In these circumstances, the multimode wireless communication device
114 may unsuccessfully attempt to acquire service from the access
node 102 after receiving the search message 126 from the base
station 108.
[0049] In some situations, the determination of whether to transmit
the device proximity message 124 may be based on other
characteristics of the non-traffic state uplink signal in addition
to the detection of the non-traffic state uplink signal. For
example, the proximity of the multimode wireless communication
device 114 to the access node 102 may be calculated or estimated
based on characteristics of the non-traffic state uplink signal 120
and the device proximity message 124 may be transmitted only when
the estimated proximity is less than a proximity threshold.
Examples of detection signal characteristics include a signal to
noise ratio (SNR), bit error rate (BER), frame error rate (FER),
packet error rate (PER), power level, and signal travel time.
[0050] In some circumstances, the controller 436 determines, or at
least estimates, the proximity of the authorized multimode wireless
communication device 114 to the access node 102 based on one or
more characteristics of the uplink signal. In the exemplary
embodiment, the detection of an uplink signal from the
communication device 114 is sufficient to determine that the
communication device 114 is within a proximity range. The proximity
is used to determine whether the communication device 114 is
possibly within range of the access node 102 and at least possibly
able to receive communication service from the access node.
Therefore, the controller 436 at least determines whether the
communication device is possibly within range of the access node
102. If the controller 436 determines that the multimode wireless
communication device 114 is possibly in range, the device proximity
message 124 is sent to the controller 118 in the WWAN system
infrastructure 112 which results in the transmission of the search
message 126 to the multimode wireless communication device 114.
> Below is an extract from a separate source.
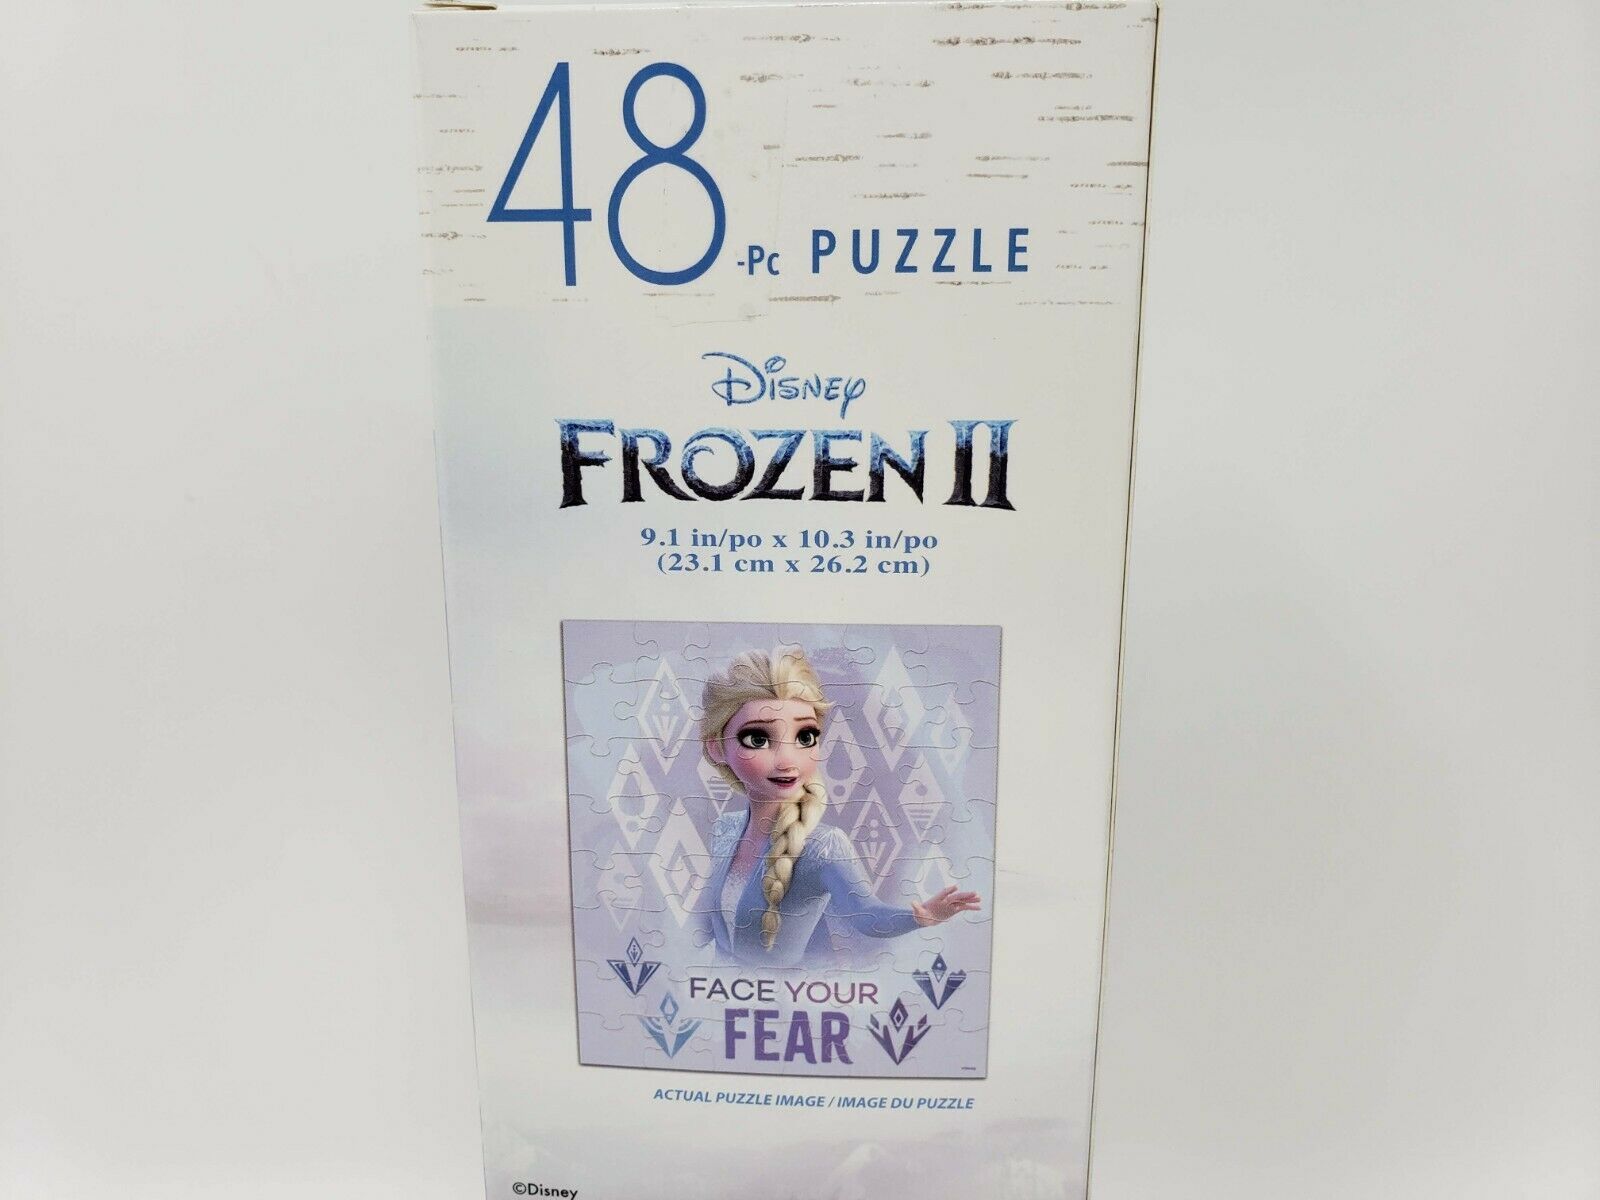 Disney Frozen II 48 Pc Jigsaw Puzzle - New - Elsa Face Your Fear

Examples of techniques that can be used to determine proximity of
the multimode wireless communication device 114 to the access node
102 are discussed in the referenced U.S. patent application Ser.
No. 11/565,266.
[0051] The controller 436 may determine whether to transmit the
device proximity message 124 based on factors other than proximity
of the multimode wireless communication device 114 or the detection
of the non-traffic state uplink signal 120. For example, factors
may include the available capacity of the access node 102, core
network requirements, required bandwidth of the multimode wireless
communication device communications, and availability of other base
stations or communication service providers in the area.
Accordingly, the access node 102 may not transmit the device
proximity message 124 even if the multimode wireless communication
device is within range in some circumstances. In some situations,
the device proximity message 124 is transmitted every time a
multimode wireless communication device is detected by the access
node 102 and the system infrastructure 112 determines whether to
transmit the search message 126.
[0052] The device proximity message is generated by the controller
436 and transmitted through the communication interface 408,
through the IP network 410 and/or the access router 414 to the
access gateway 412. The access gateway 412 routes the device
proximity message through the system infrastructure 112 to the
controller 118. As described above, for the discussed example, the
controller 118 is the same equipment that is used to generate
paging messages to the multimode wireless communication device 114.
The controller 118 receives the device proximity message 124 and
extracts the appropriate information. In response to the device
proximity message 124, the controller 118 generates the search
message 126 which is transmitted from the base station 108 to the
multimode wireless communication device 114. As discussed above,
the search message 126 triggers an adjustment of the multimode
wireless communication device searching scheme that the multimode
wireless communication device 114 employs for searching for WLAN
service. For the example, the search message 126 invokes the
activation of the WLAN uplink receiver 418. In some circumstances,
the search message 126 may specifically instruct the multimode
wireless communication device 114 to search for the particular
access node 102 that detected the up link signal or may identify
particular channels and/or frequencies that should be searched.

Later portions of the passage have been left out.